I've been reading the occasional posts on Unplanning Journal, a blog authored by a county planner in central California. The planner rightly points out that planners everywhere assume that energy supplies will grow without end. In fact, so deep is the faith in ever-growing energy supplies that planning documents either never mention or give just perfunctory mention to energy issues. The planner garnered considerable attention recently with his post of a summary of his conversation with an energy company executive espousing a bleak outlook for natural gas (READ: electricity) supplies in North America. (The planner's inquiry was part of his regular work of planning for countywide energy needs over the next couple of decades.)
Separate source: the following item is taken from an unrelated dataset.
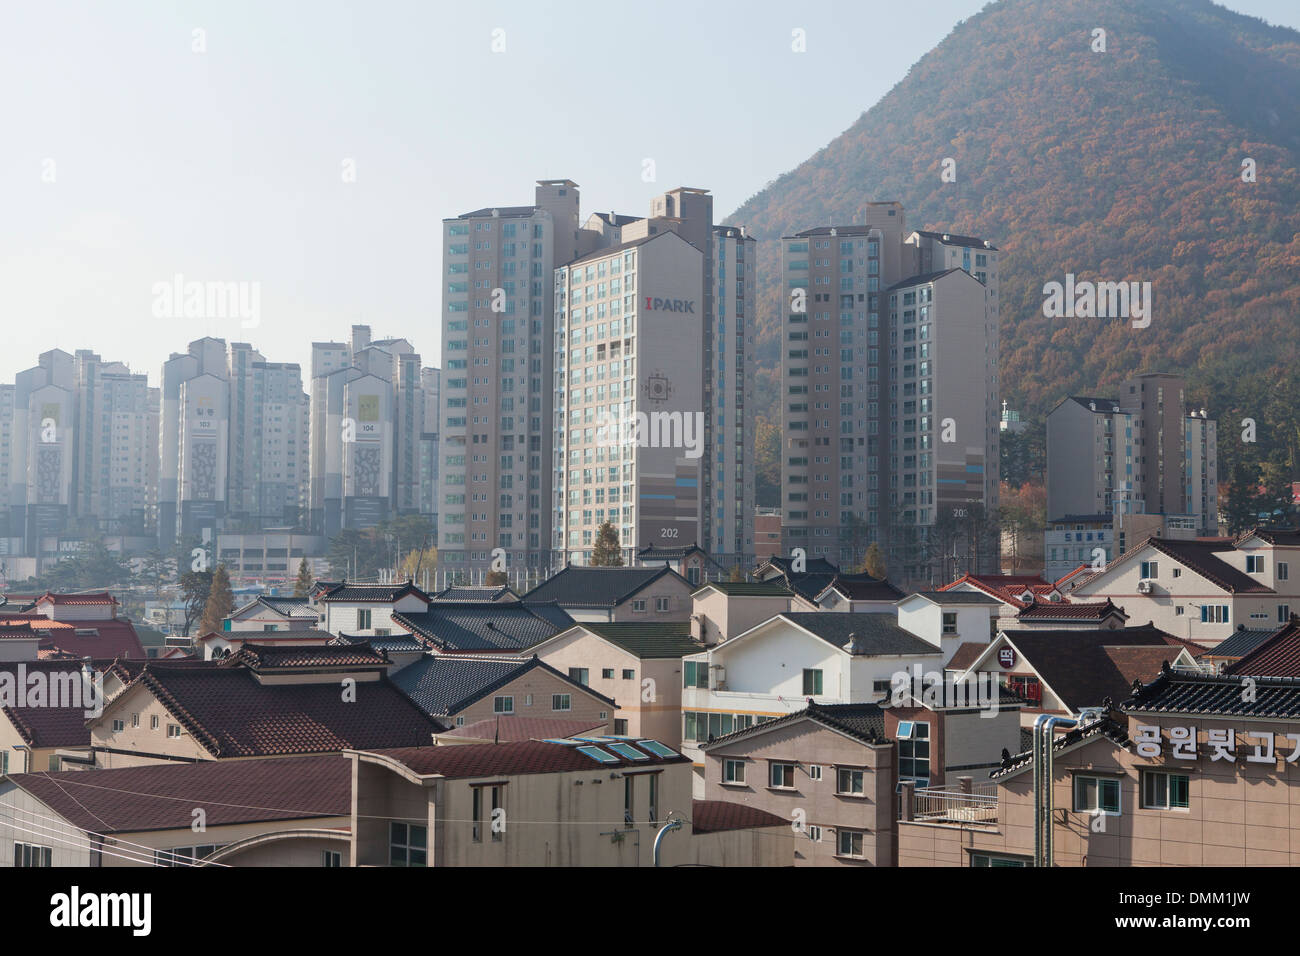 Los nuevos altos multi-vivienda complejas entre las casas unifamiliares tradicionales - Gimhae, Corea del Sur Foto de stock

Most revealing for me are his suggestions for relocating population away from major urban centers post peak oil, something he regards as an inevitability given how unsustainable cities such as Los Angeles and Las Vegas are. There is also his outline for an emergency response plan to energy shortages since he has come to believe that municipalities will not plan ahead given their deeply held belief that energy supplies will continue to grow indefinitely.
It is the tone of these suggestions that is most compelling. They are expressed in the neutral, rational manner you'd expect from a planner providing information on a plan for, say, a new highway. But, that very tone rattles the nerves since what is being contemplated is so enormous and disruptive. We need to recognize that the Unplanner is merely engaging in the kind of thinking every community will be forced to engage in if we all simply wait for the inevitable decline of energy supplies. Do we really want to temporize when oil prices are three and four times what they are today? And yet, it seems, given the inertia of planning departments everywhere, his suggestions might well become a template for how to react to the coming energy crisis--after its arrival.
Let's hope his message reaches his fellow planners before then.
(Comments are open to all. See the list of environmental blogs on my sidebar.)
Thanks for the review and links to my site. Raising awareness and getting people at my work to fully understand the true implications of peak energy has been unbelievably tough. People literally take energy availability for granted. It never comes up at any forums we hold, it is always left off the list of pressing issues and it is even ignored by most in the general public.